Expedition to the Bureya River (June 22-28, 2007)

Since 2000 the science department at Khingansky Zapovednik has been studying the effects of the Bureiskoye Hydroelectric Dam and Reservoir (built on the Bureya River, a tributary of the Amur) on surrounding ecosystems and on Khingansky Zapovednik. When I first started talking to Slava about visiting Khingansky, he agreed that the reserve’s science staff could take me on an expedition to the Bureiskoye Reservoir in June. On June 22, we left for this expedition. Our company: Slava, Lyosha, Marina, Vitaly, a technician at the zapovednik, me, Robin, and Olga, a student from Birobidzhan studying the potential for development of recreation on the reservoir. (Picture: the zapovednik van (uazik) that took us to the reservoir and all our stuff (unloaded) -- good thing we weren't backpacking!)
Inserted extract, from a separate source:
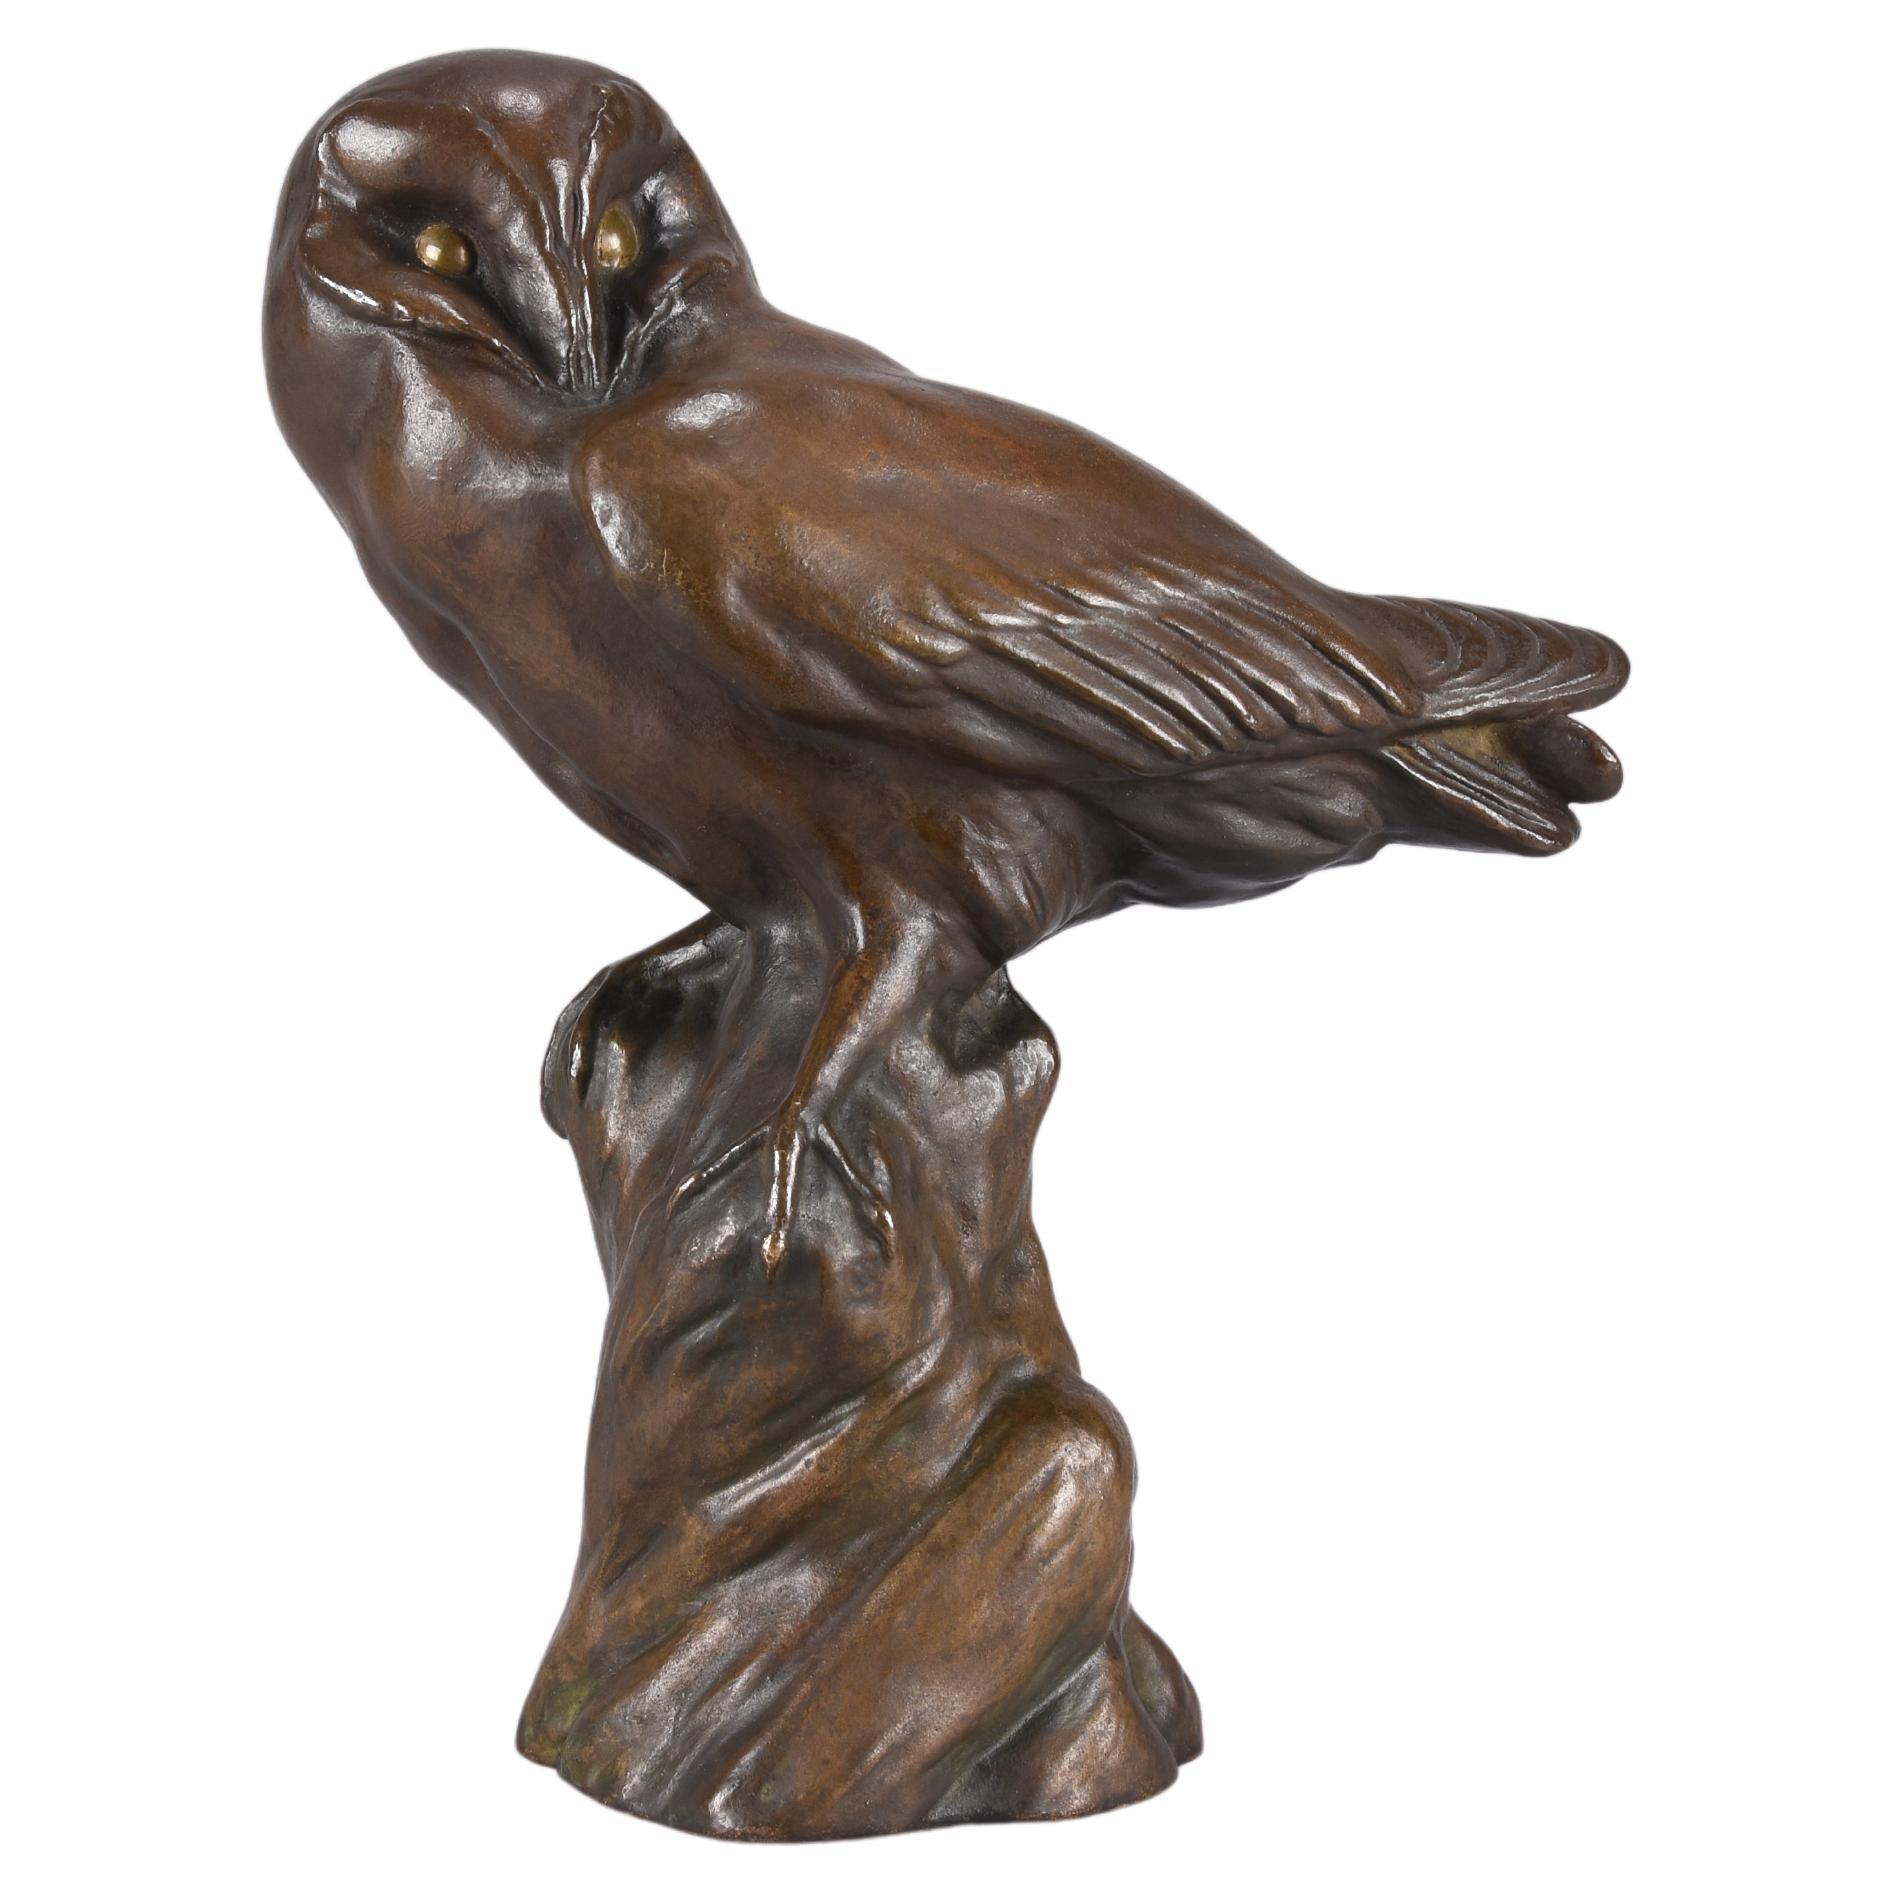 Tierbild des 20. Jahrhunderts „Resting Owl“ von H Sieloff

Khingansky Zapovednik studies the reservoir together with the Russian Academy of Sciences’ Institute for Aquatic and Ecological Studies, based out of Khabarovsk. There are 6 sites on the reservoir where scientific research is being done on the influence of the reservoir, and Khingansky zapovednik is responsible for work at three of these sites. (Unfortunately, right now there are problems with getting research done at the control point, so comparison is difficult. ) Khingansky scientists travel to the Bureiskoye Reservoir 3-4 times a year, in spring, fall and winter, and most of their work focuses on counts of animal species – birds, large mammals, rodents. A book of articles was recently published about the effects of the Bureiskoye Dam and Reservoir, and estimates were made of the environmental damage, to what extent animal populations would decline (very significant declines expected, i.e. disappearance of 2/3 of populations), and so on. (Pictures: cool plants)
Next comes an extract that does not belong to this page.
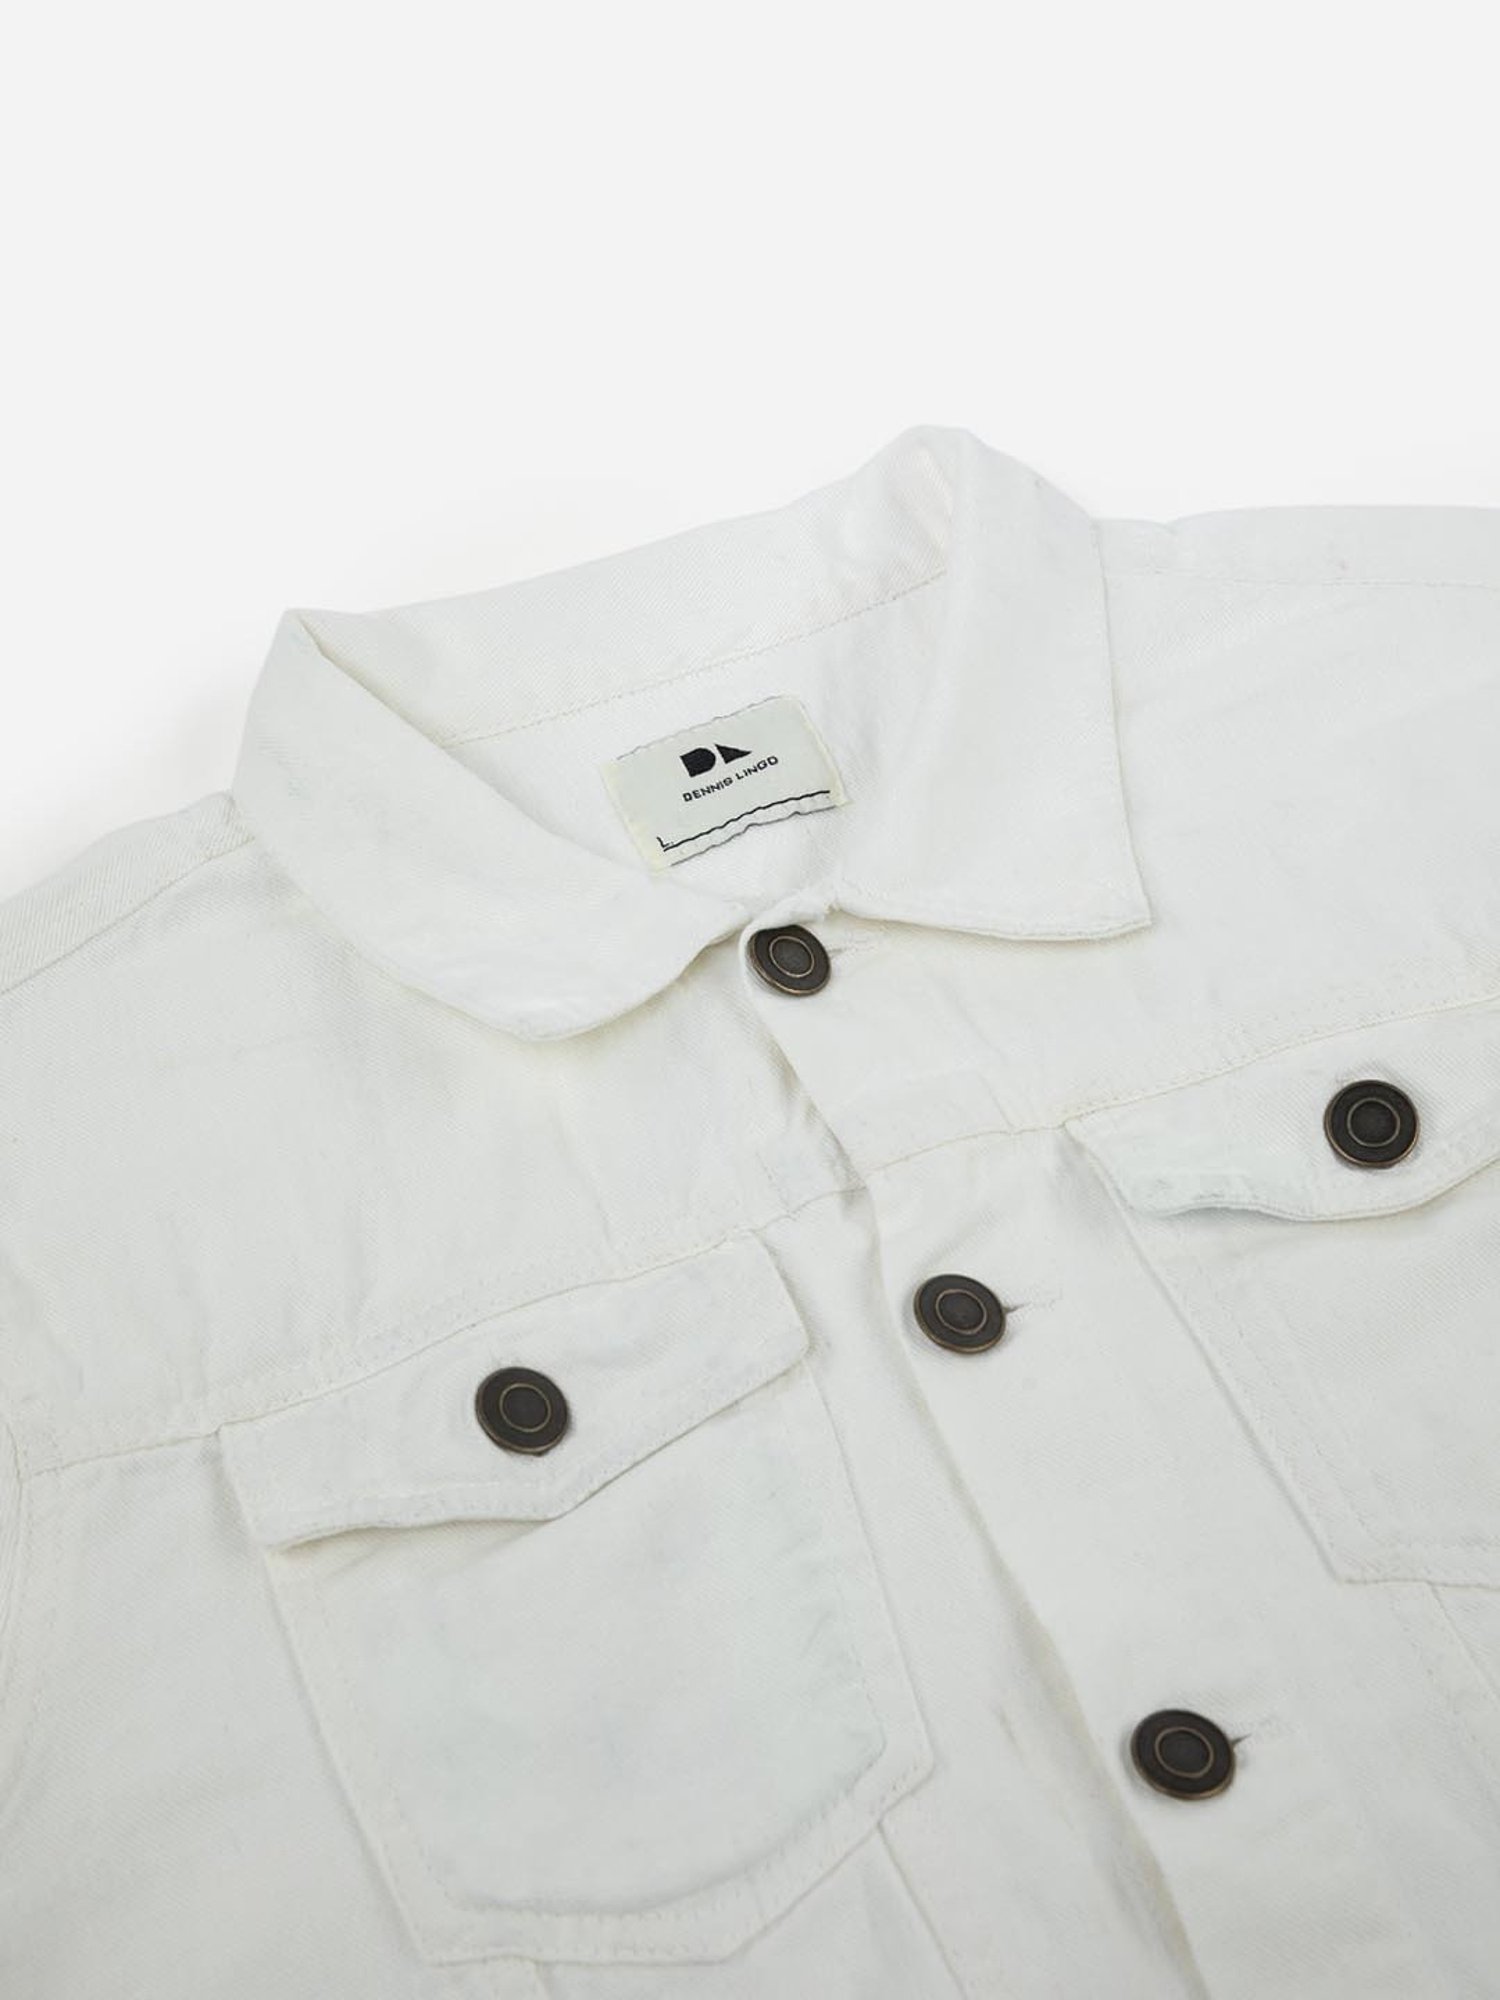 Jacket - White denim jacket | Fendi

This scientific monitoring work is funded by the company that owns the Bureiskoye Reservoir. Interestingly, however, this is a different company than the company that owns the dam (i.e., the huge concrete structure) itself. This can lead to some interesting situations (of the sort you only come across in Russia). For example, on June 22 we had to cross the dam in our car to get to our research site. The owners of the dam didn’t want to let us through. They don’t talk to the owners of the reservoir, who are funding the research. On the day of our departure back to Arkhara, June 28, our driver had to cross the dam again to pick us up on the shore of the reservoir. But the dam was now closed until July 6. Nobody told us! (And our driver had no cell phone! Ultimately Slava walked quite a ways to get to the dam from the reservoir, walked across and dam and found our driver, while we took the motor boat with all our stuff to be picked up at another inlet, where the driver and Slava met us.) (Picture: Bureiskoye Reservoir)
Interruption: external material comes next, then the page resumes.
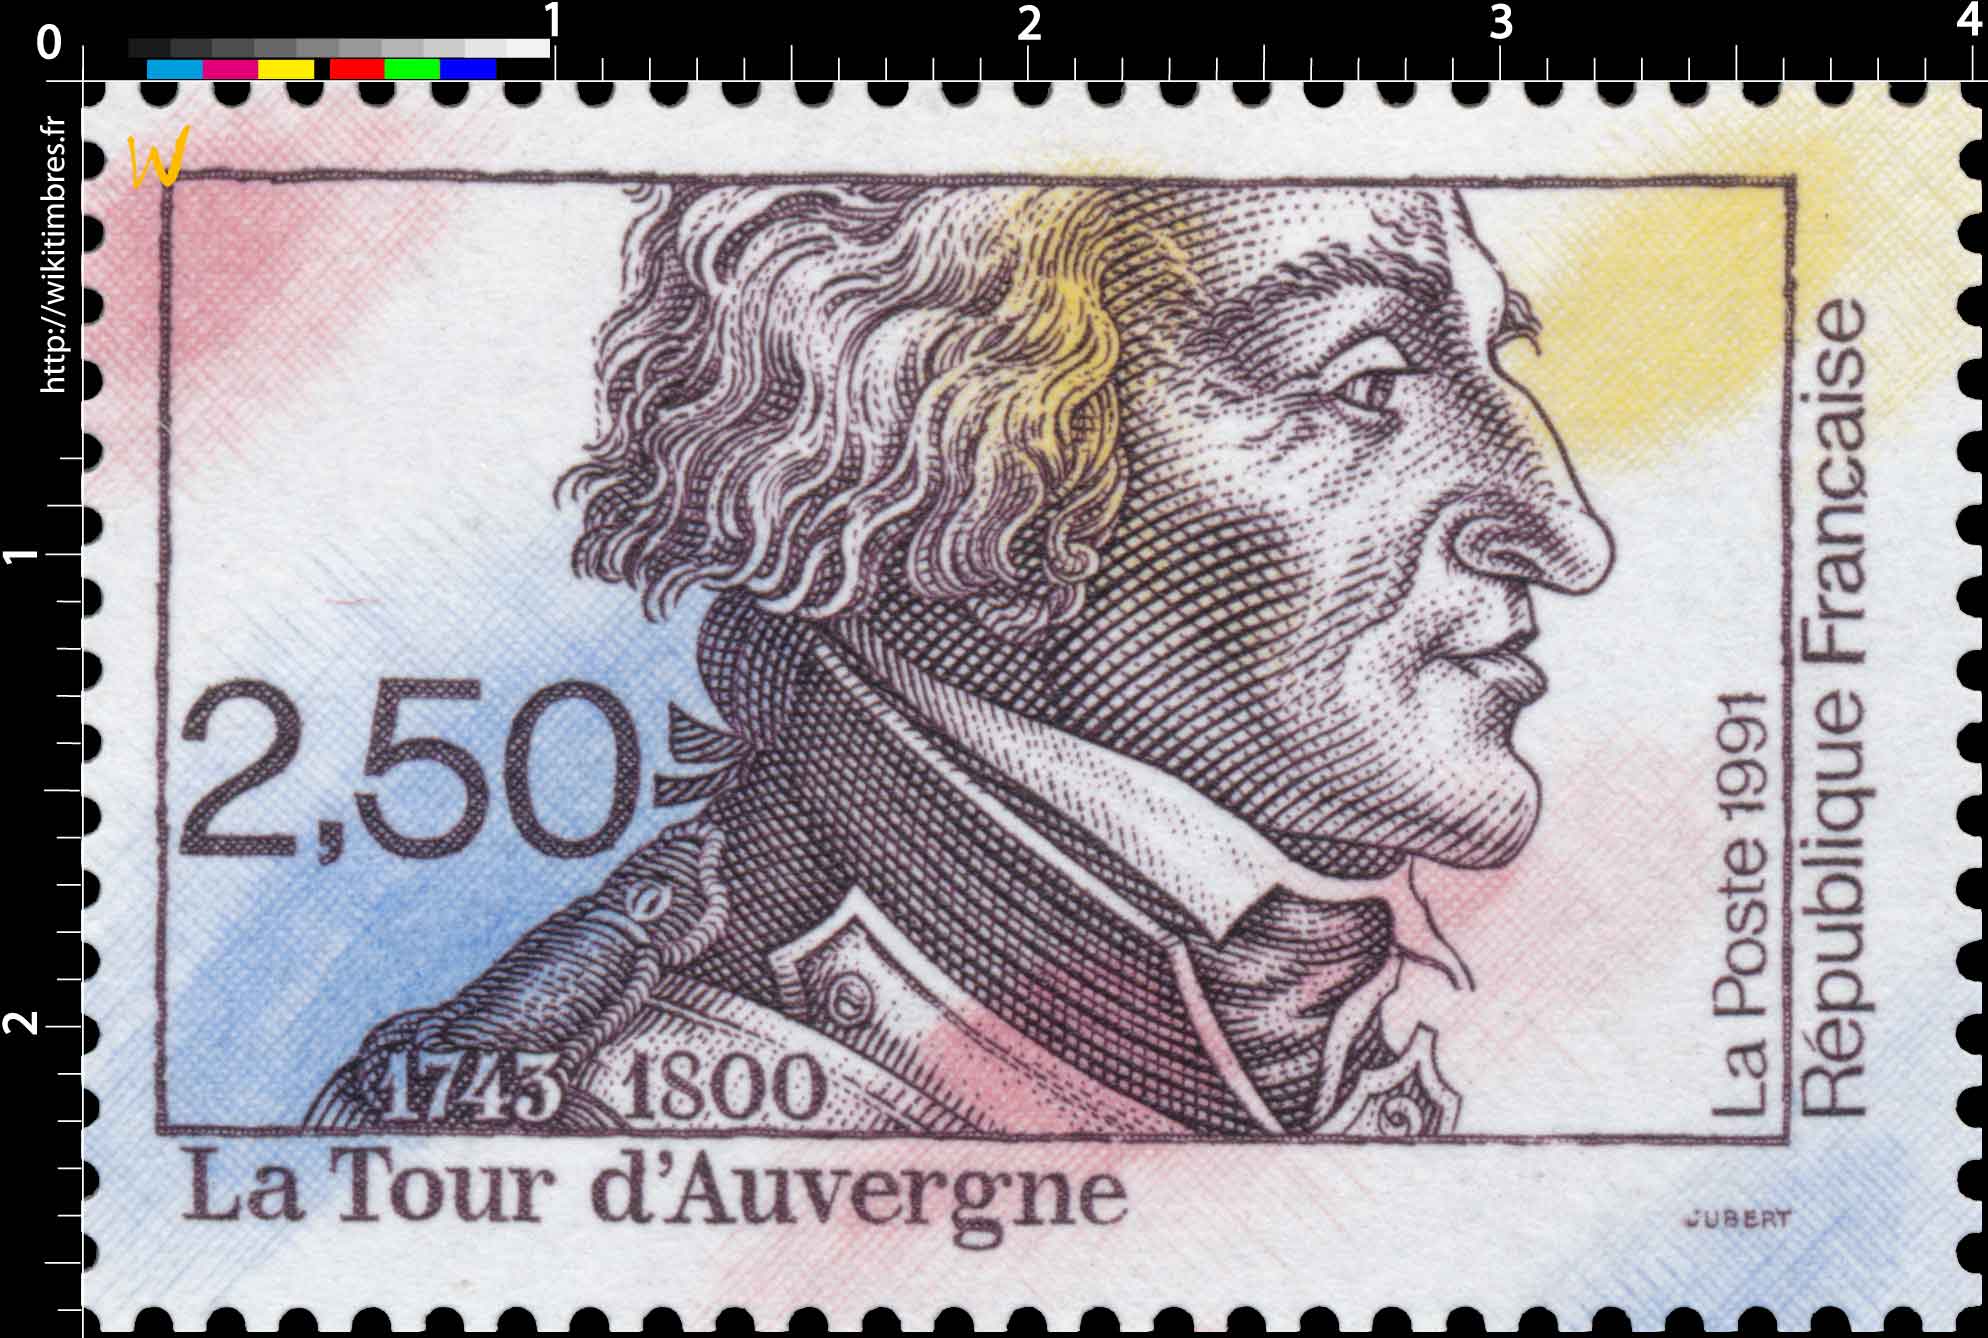 1991 La Tour d'Auvergne 1743-1800

The dam on the Bureya has been a project ever since the 1970s, although due to financial and political difficulties during the end of the Soviet era and the 1990s, it is only being completed today. The dam first began producing electricity in 2003 or 2004. There is another dam in the Amur Region, on another tributary of the Amur, the Zeya, that was built in the 1970s. Generally there are plans for quite a number of hydroelectric dams to be built in the next 2 decades on tributaries of the Amur River. (Hopefully, none will be built on the Amur itself, as that could be quite disastrous for the river’s ecosystems.) (Picture left: Robin, Marina, Olga preparing lunch)

Unfortunately, the presence of hydropower in the Amur Region does not mean cheaper electricity prices for the region’s residents. While consumers in Irkutsk, for example, pay less for electricity (there is a dam right in town), residents of the Amur region pay some of Russia’s highest prices for electricity. There is a suspicion that the electricity being generated by dams in the Amur Region, current and future, is going to China.

The most immediately visible effect of the dam is a “dead” zone of dead trees and wood extending several meters up along all shores of the Bureiskoye reservoir. It is fairly rough on the eyes. This dead zone appeared because the shores of the Bureya River were not logged before the dam began working. Overall, it is planned that water in the Bureiskoye Reservoir will rise about 20 meters above the original level of the river when the dam is operating at full power. (The dam is not at full capacity yet, and the dam owners raise the water level a bit more each year.) Theoretically this means that all the trees up to an elevation of 20 m above the level of water in the river should have been logged and cleared out before construction of the dam. They weren’t, and when the water level began to rise, the trees got drowned. (Pictures: dead zone, Bureiskoye Reservoir)

But, the water level in the reservoir doesn’t stay the same height year-round. In the fall, after summer rains, the water reaches its highest level (drowning new trees each year). Then the dam draws water from the reservoir through the spring – and as it draws water, it exposes dead drowned trees). At this time of year, in June, the water level in the reservoir is pretty low – it will fill up again when summer rains begin.

There used to be about 1700 roe deer inhabiting the hills around the Bureya River. It is estimated that a third of this population – 500-600 deer – drowned this winter in the Bureiskoye Reservoir! Although, no one is sure – it could be more, could be less. Roe deer can’t handle snow more than 70 cm high, and the snow reaches that level at the tops of the hills around the reservoir. So the deer more to lower elevations, and usually they would migrate across the iced-over river – they can’t stay trapped in a narrow zone along the shore. However, the river doesn’t freeze as well now due to the reservoir, and this year a lot of deer fell through the ice and drowned. (Pictre: Bureiskoye Reservoir)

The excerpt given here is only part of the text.